- EXERCISE AIM -
From the line that contains "PHONE CARD-ITALIA-CARTA TELEFONICA" through the last line of the data, copy everything exactly and nothing else, omitting the pictures.

- DATASET CONTENT -
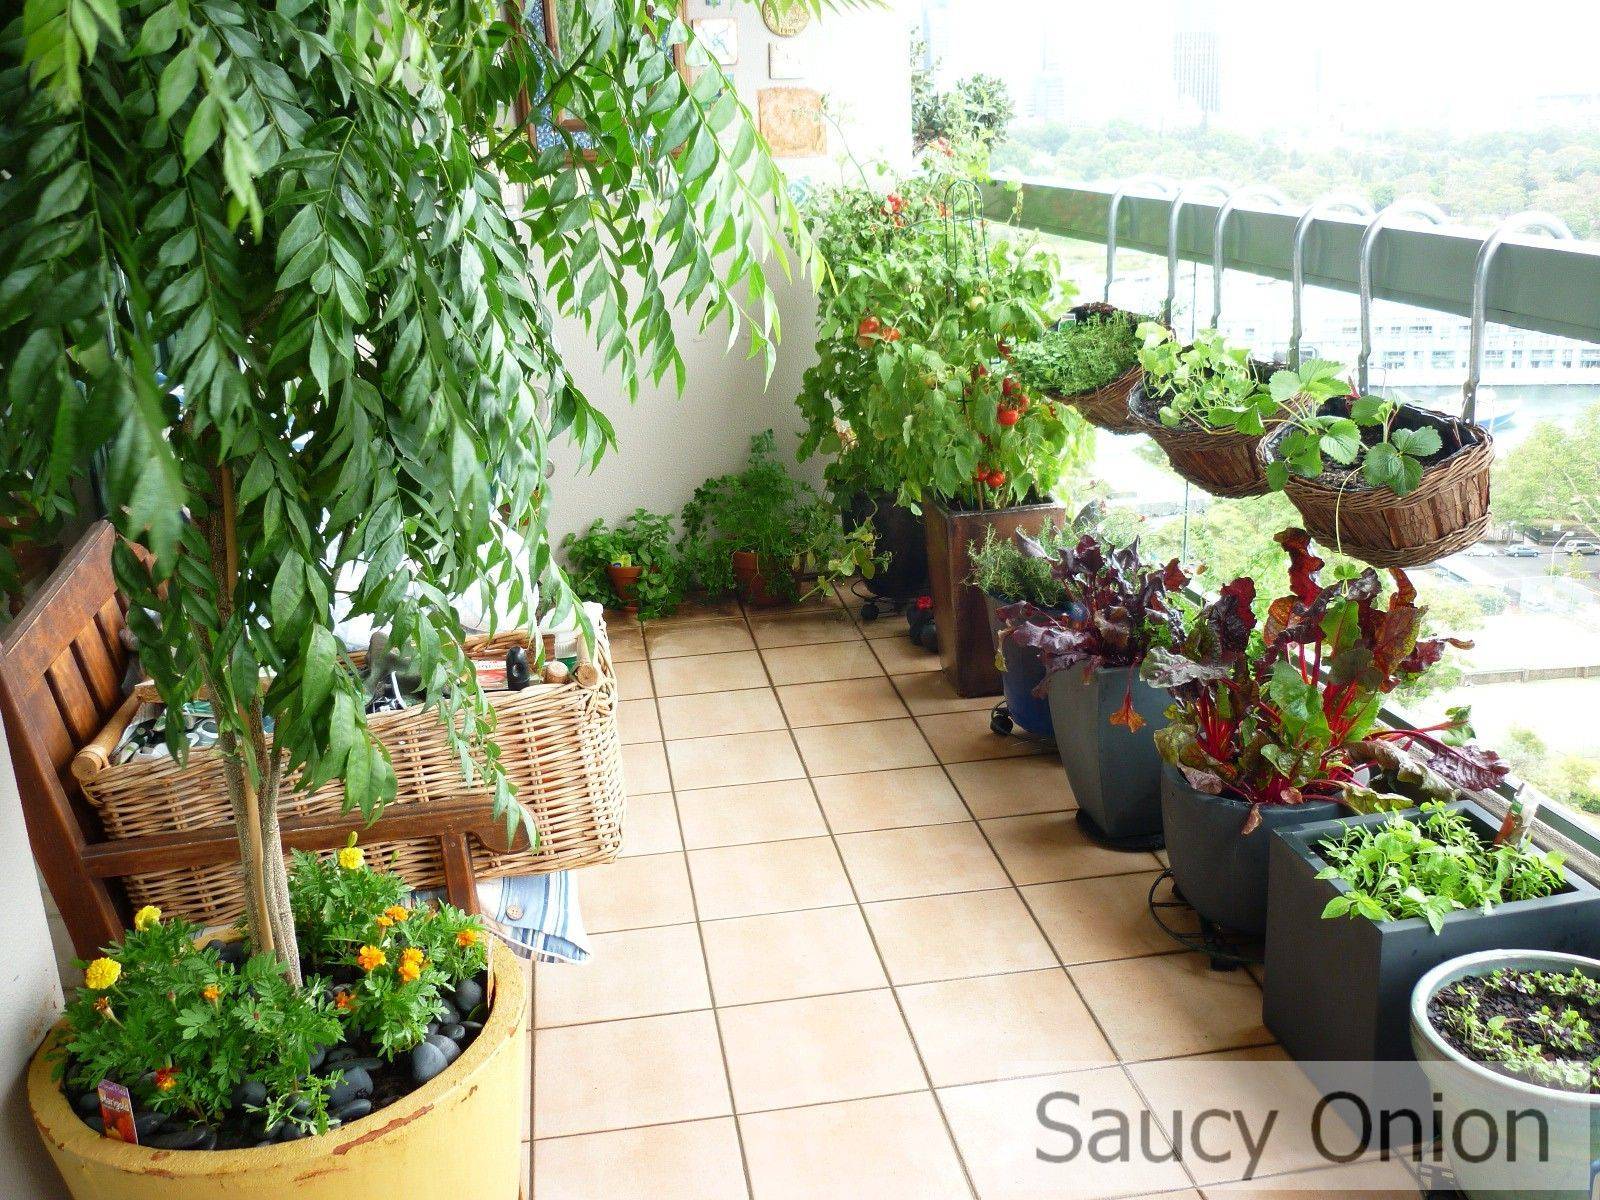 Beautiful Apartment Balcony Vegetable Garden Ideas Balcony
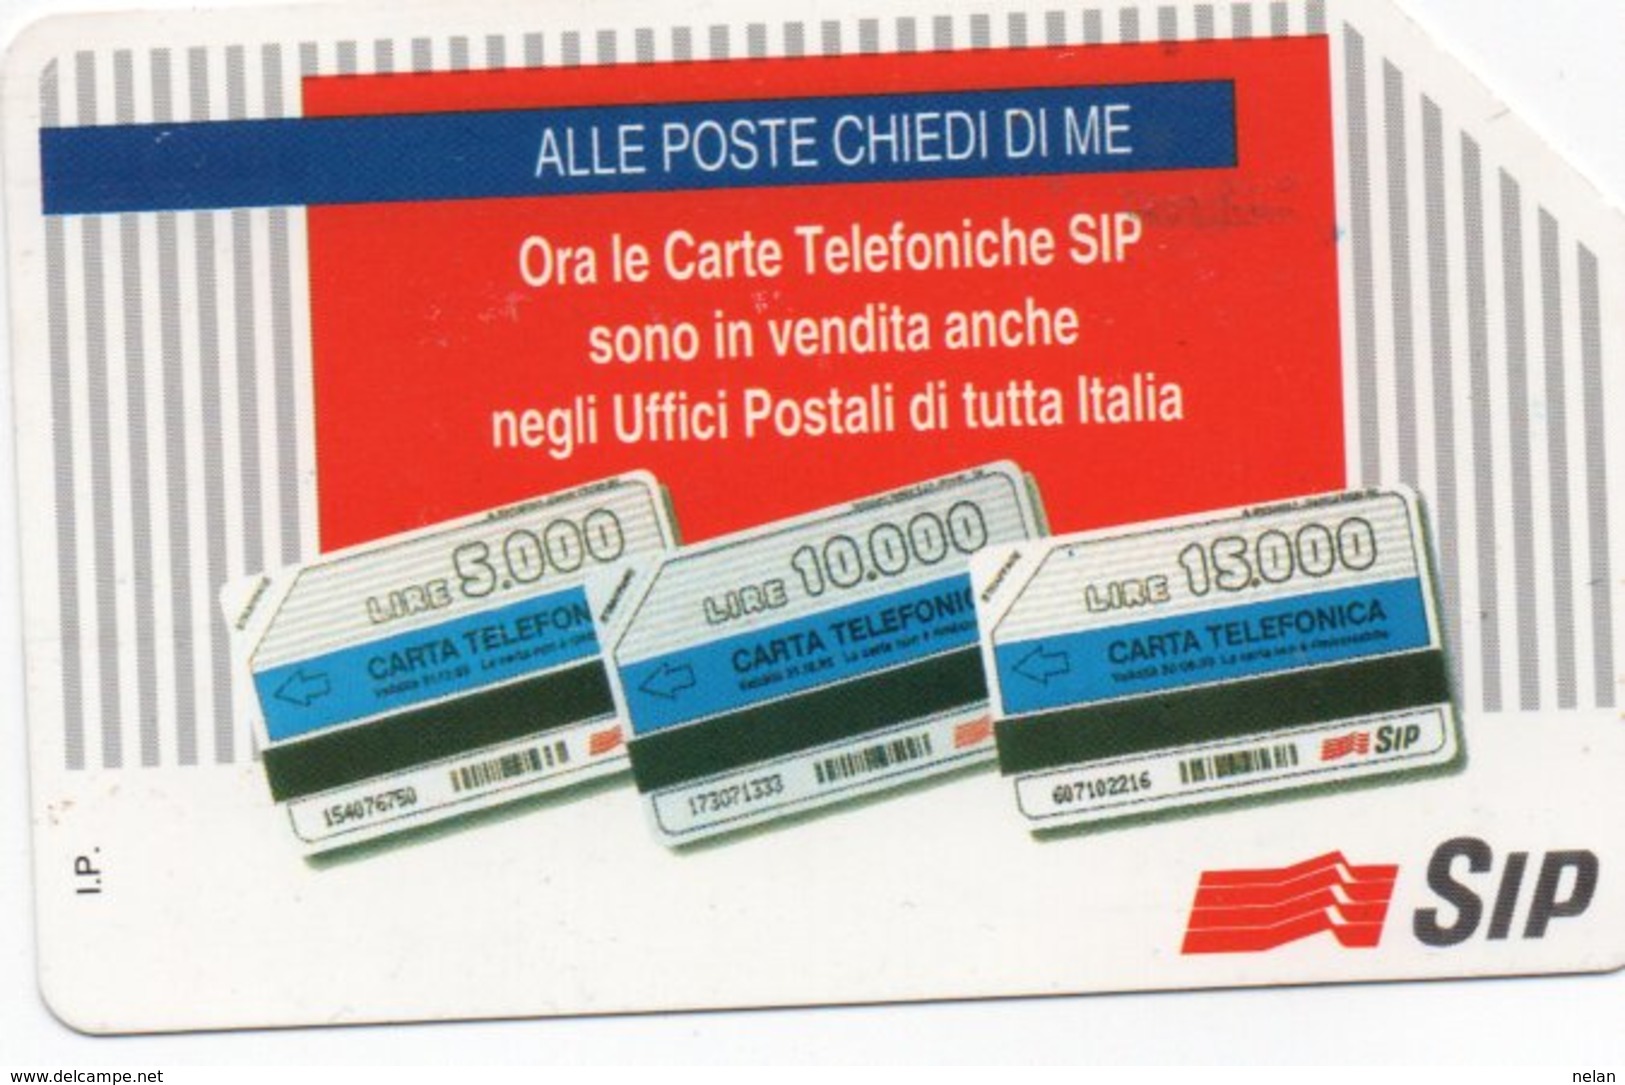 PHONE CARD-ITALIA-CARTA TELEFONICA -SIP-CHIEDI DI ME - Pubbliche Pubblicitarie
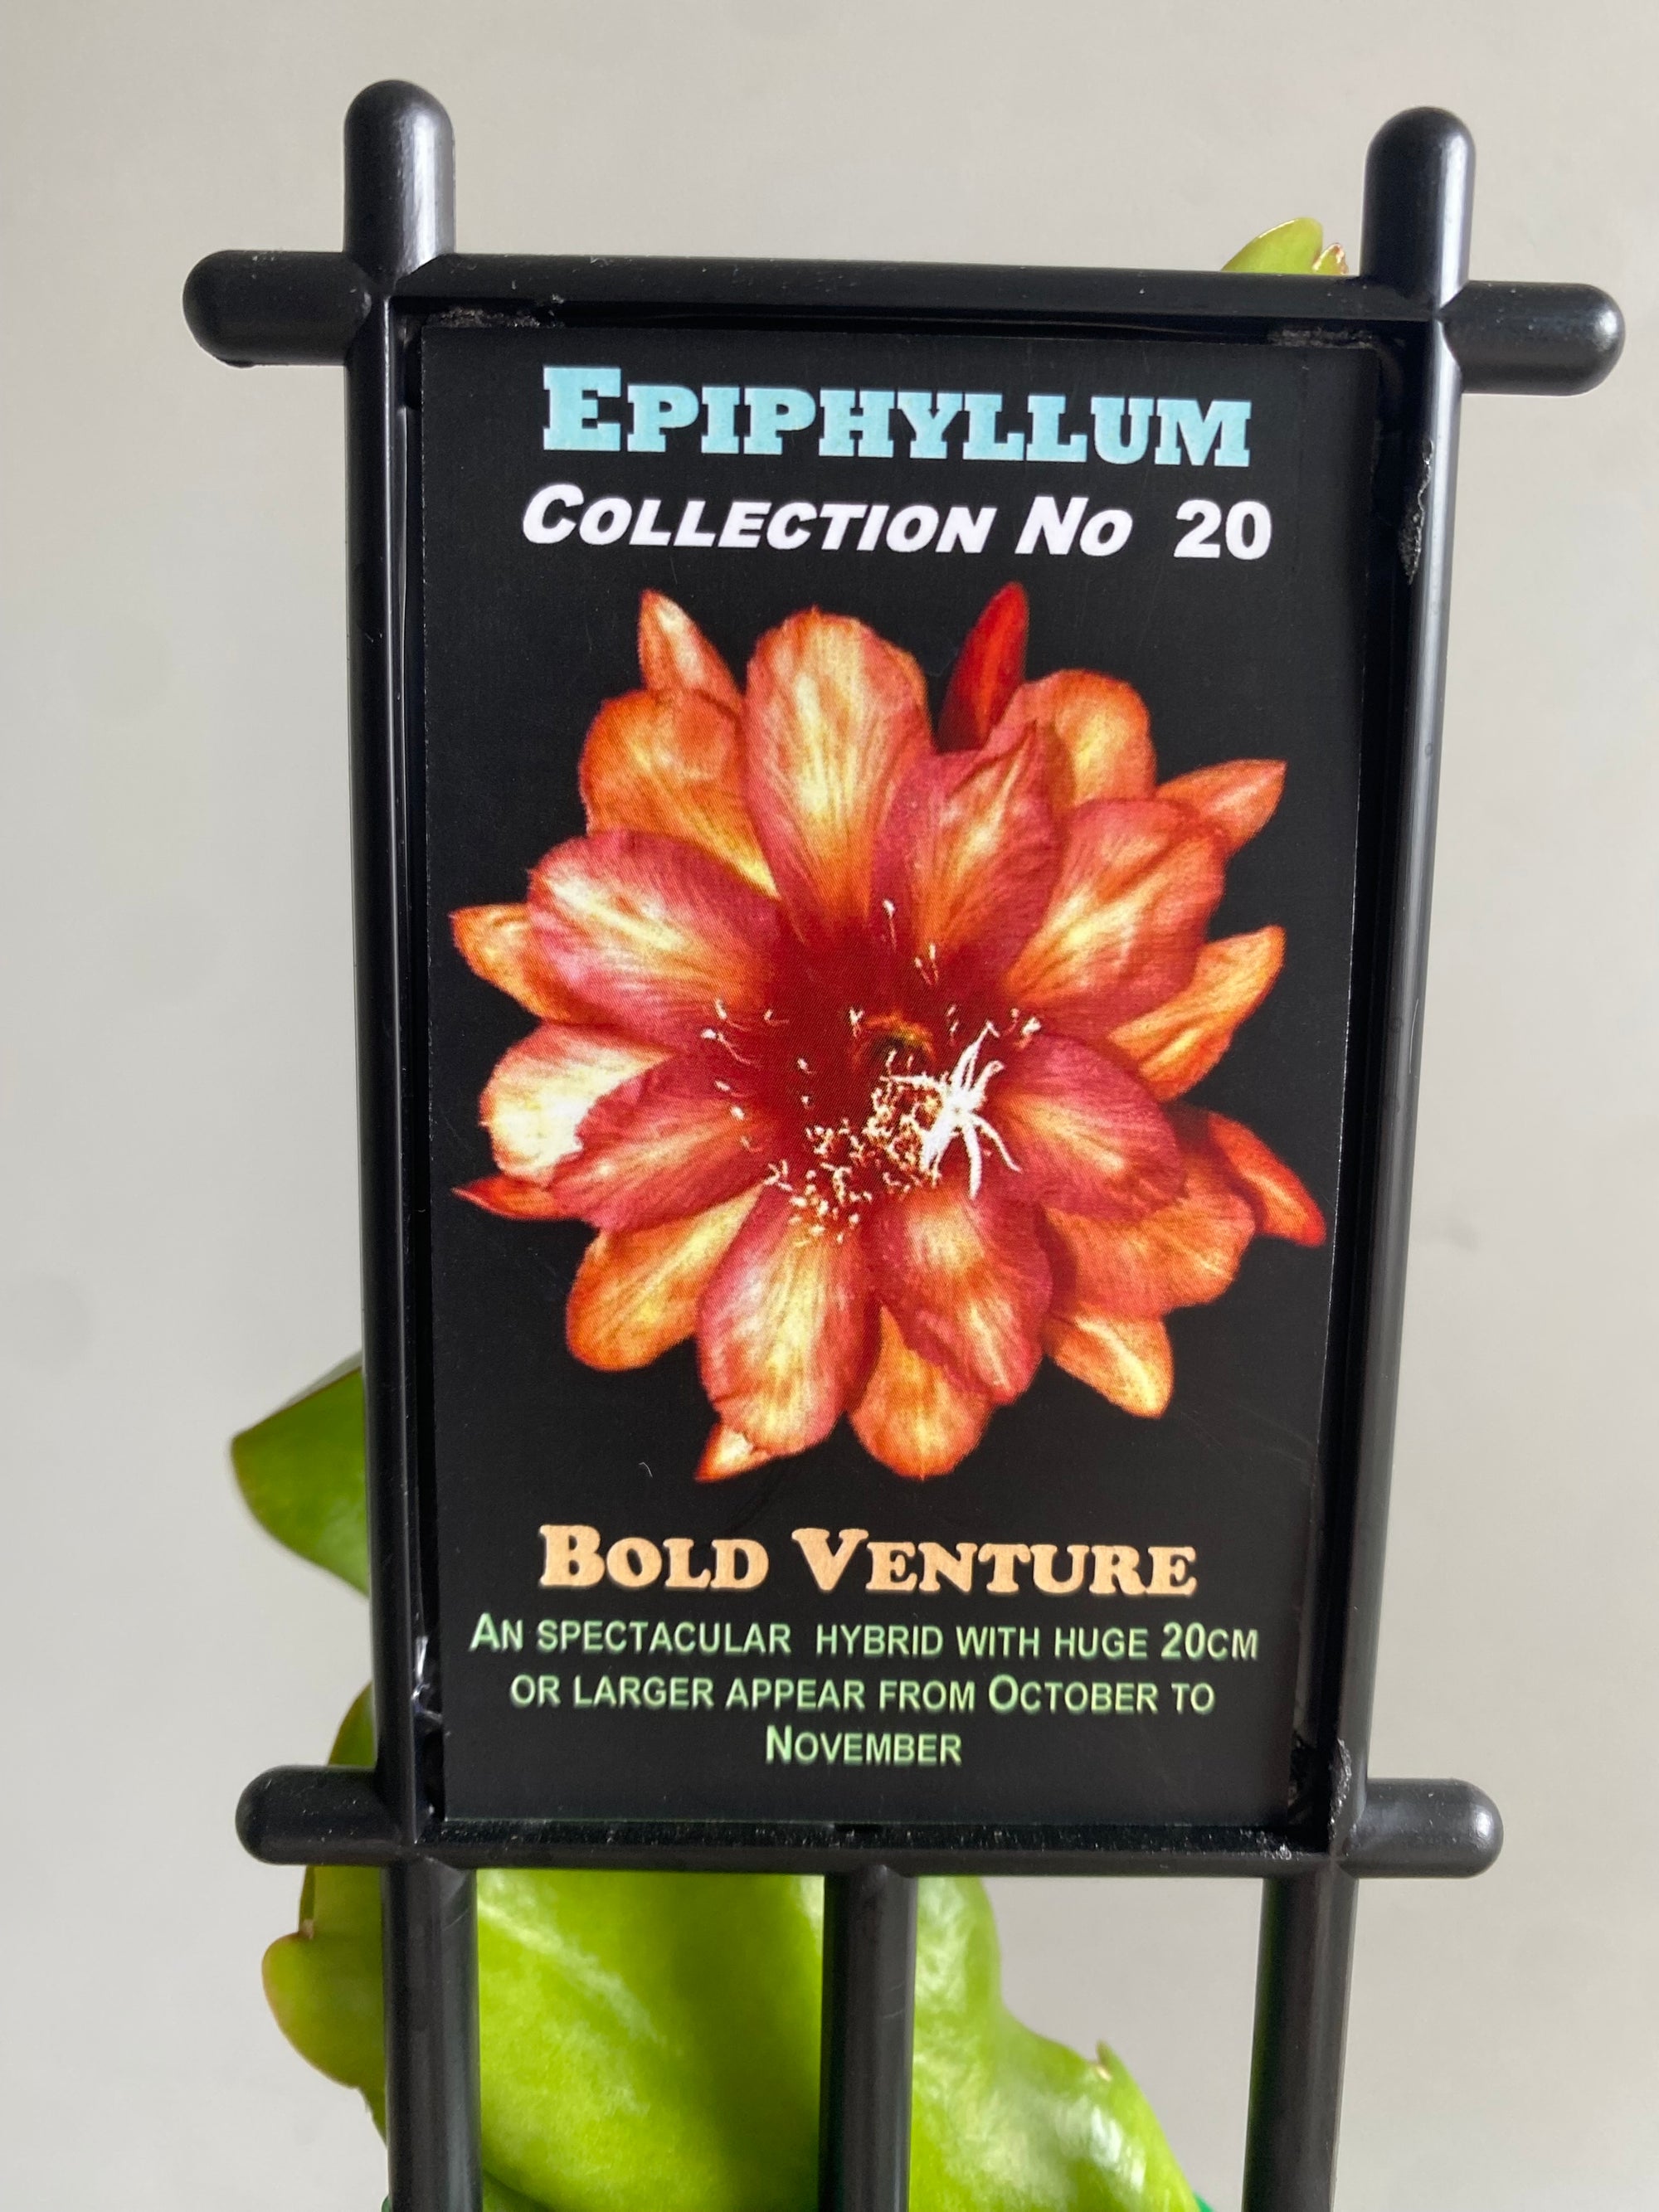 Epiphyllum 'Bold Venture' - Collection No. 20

- SOLUTION FOR THIS PROBLEM -
 PHONE CARD-ITALIA-CARTA TELEFONICA -SIP-CHIEDI DI ME - Pubbliche Pubblicitarie
 Epiphyllum 'Bold Venture' - Collection No. 20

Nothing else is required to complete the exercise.